**EXERCISE DETAILS**
Output exactly the lines from the one containing "Guaranteed authentic Hermes" through the final line of the entries below, both included, and skip the pictures.

(Records contained in a dataset)

# # # # #

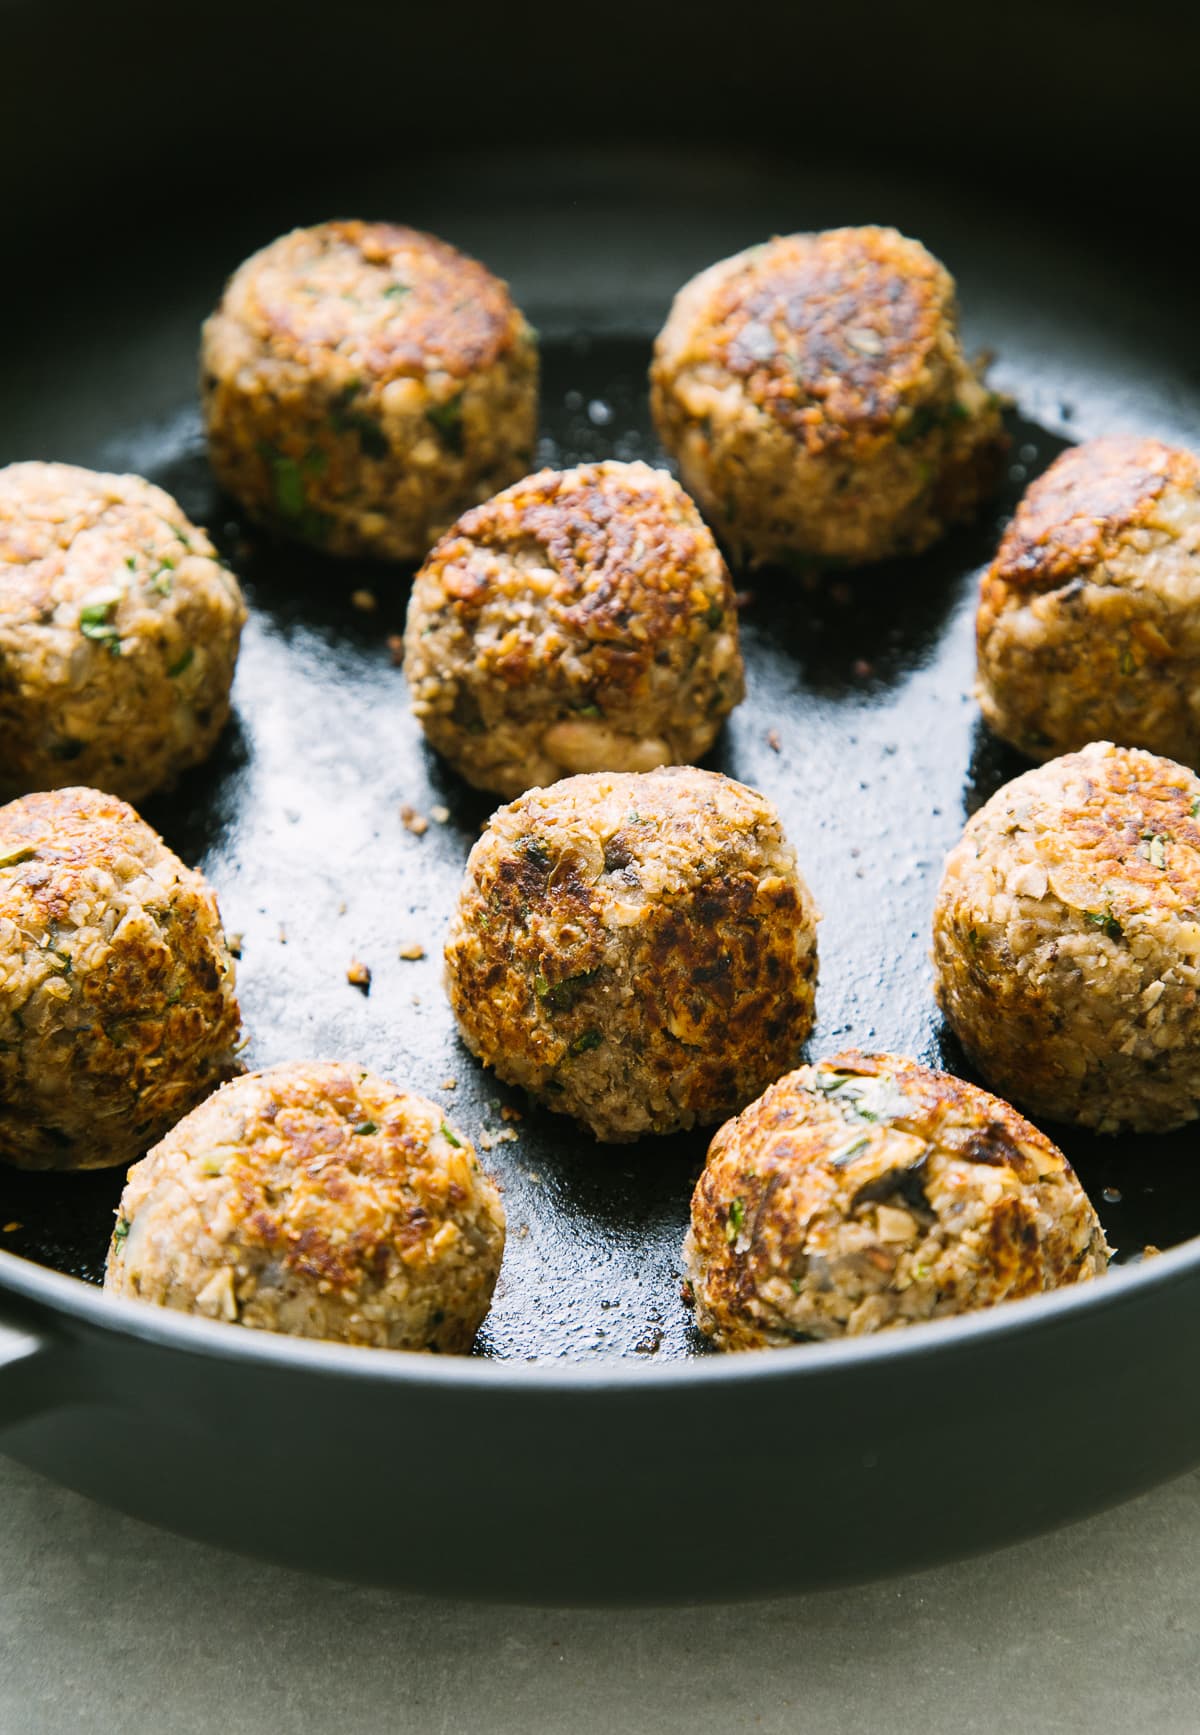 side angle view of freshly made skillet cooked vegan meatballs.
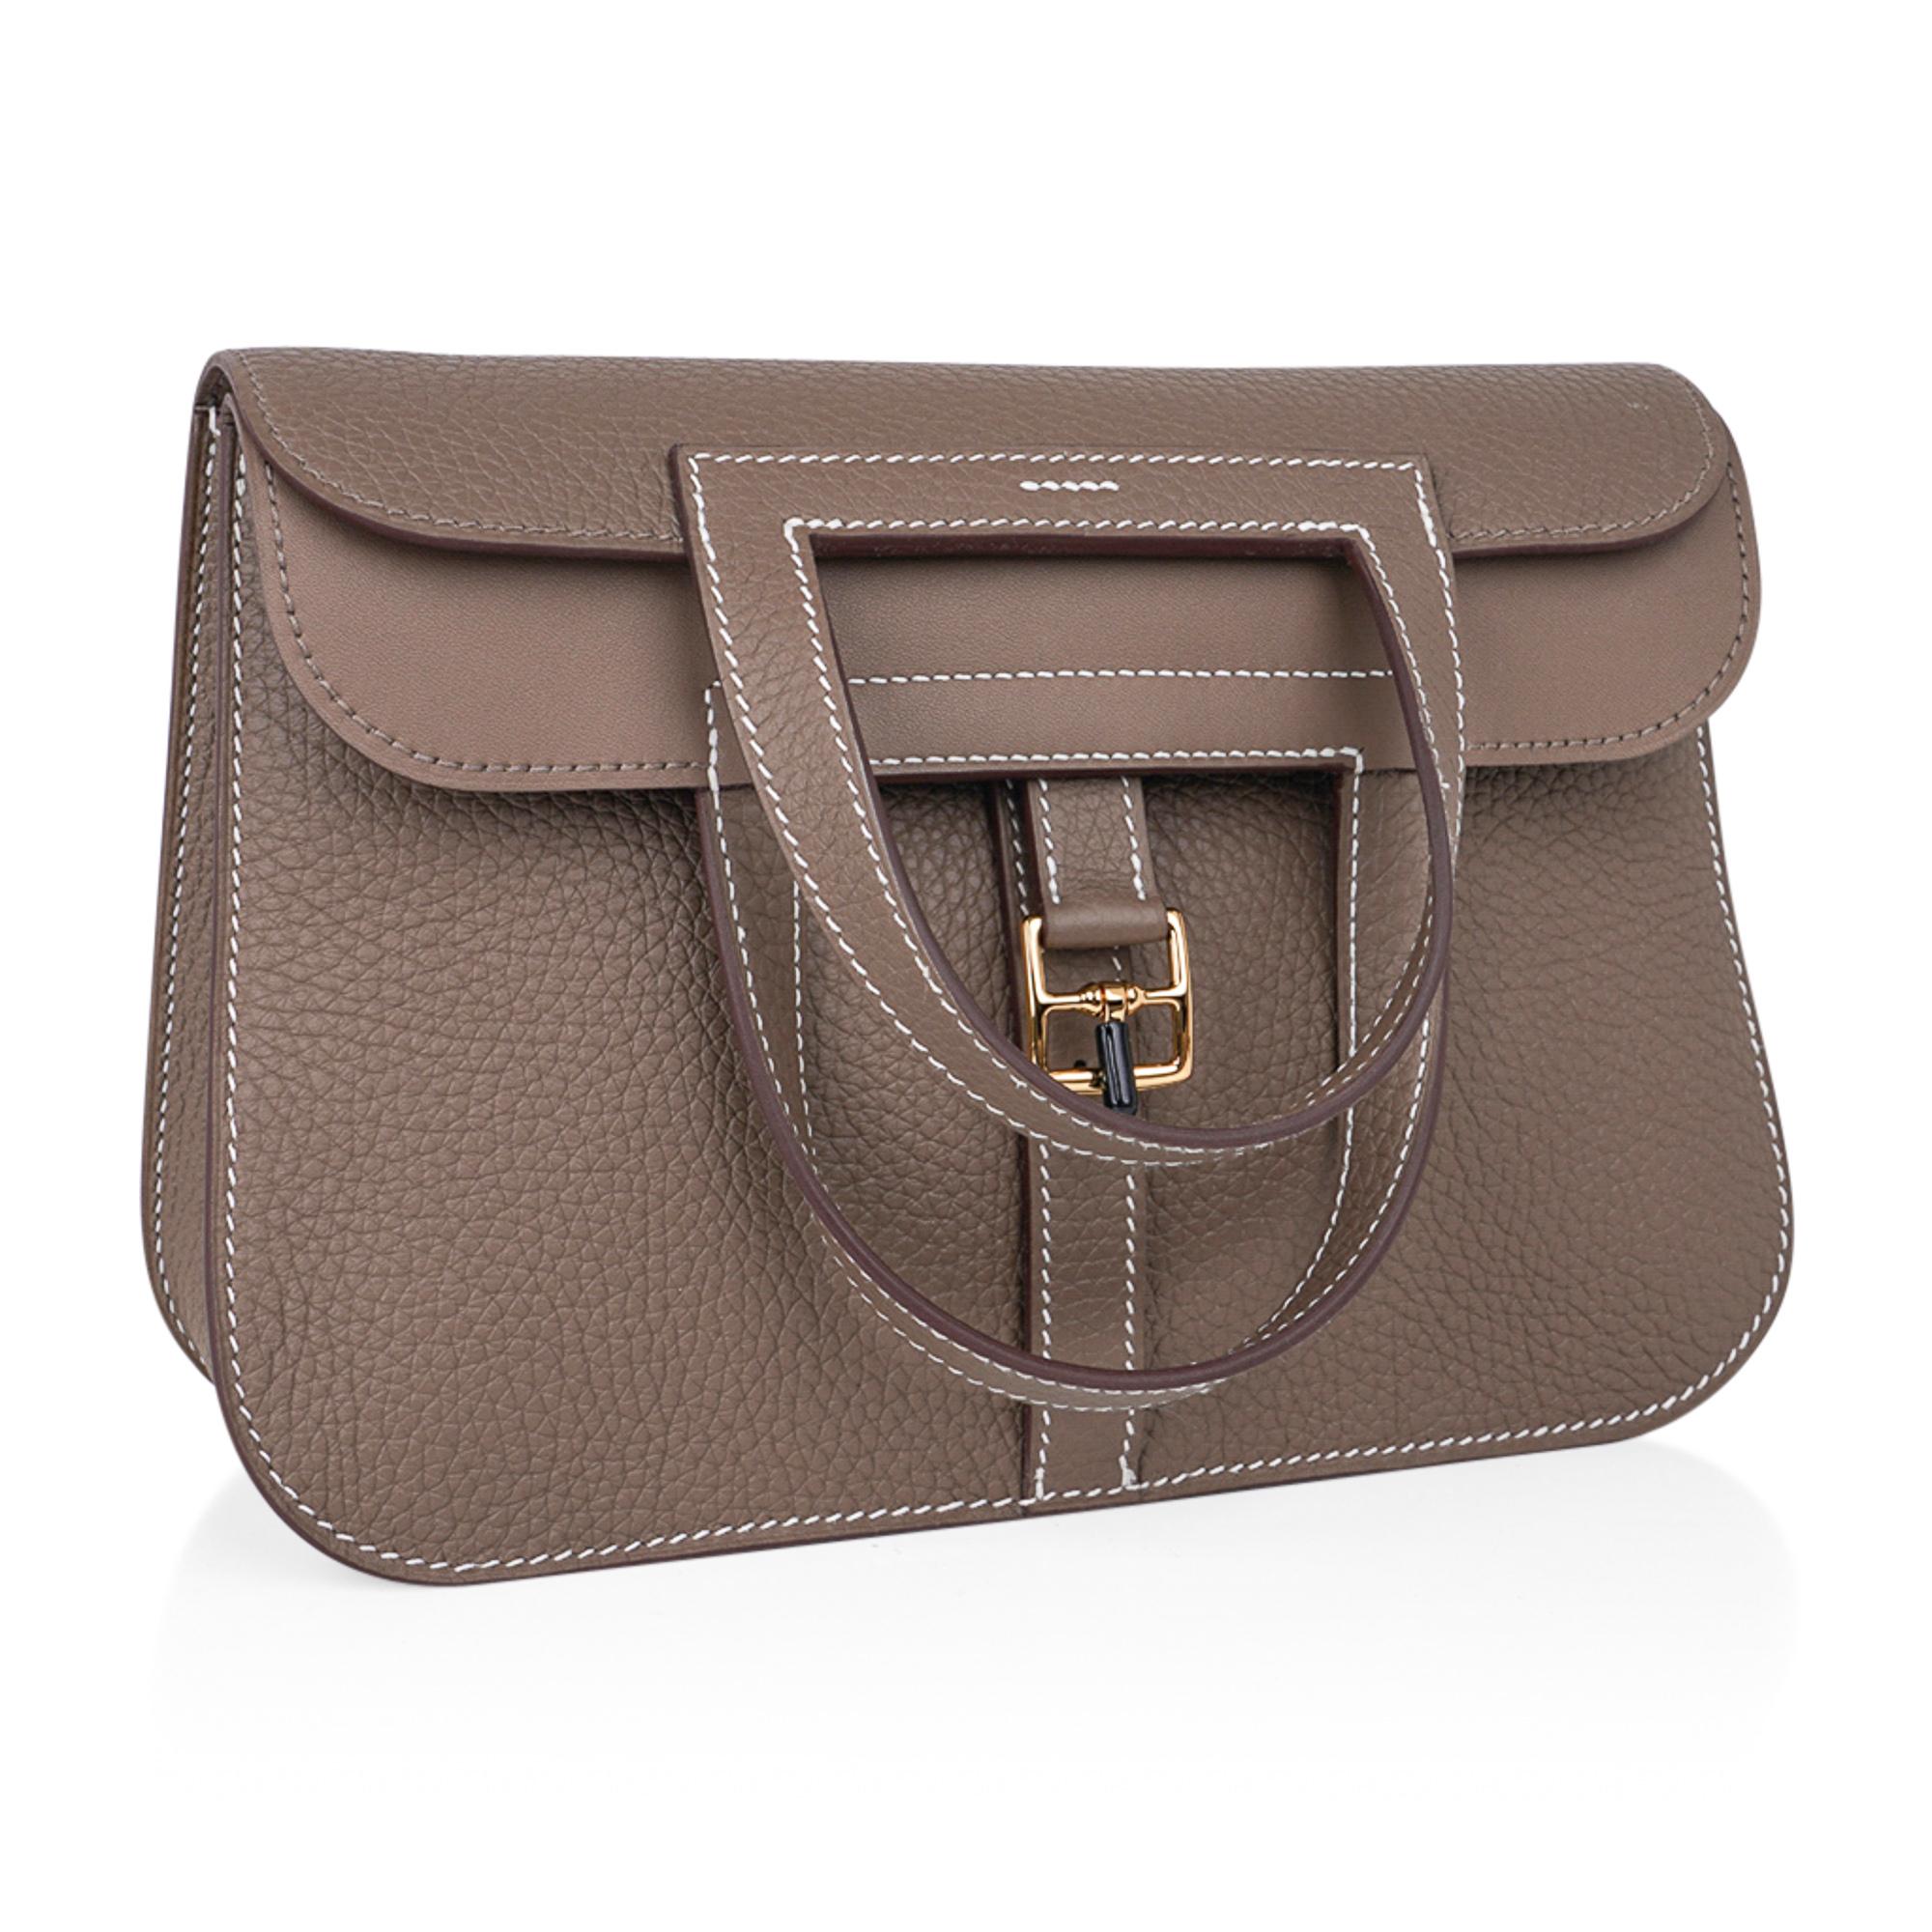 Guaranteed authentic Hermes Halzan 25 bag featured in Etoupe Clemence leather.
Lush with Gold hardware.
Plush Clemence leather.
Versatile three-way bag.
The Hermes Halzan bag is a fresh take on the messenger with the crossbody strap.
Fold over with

# # # # #

**RESULT**
 Guaranteed authentic Hermes Halzan 25 bag featured in Etoupe Clemence leather.
Lush with Gold hardware.
Plush Clemence leather.
Versatile three-way bag.
The Hermes Halzan bag is a fresh take on the messenger with the crossbody strap.
Fold over with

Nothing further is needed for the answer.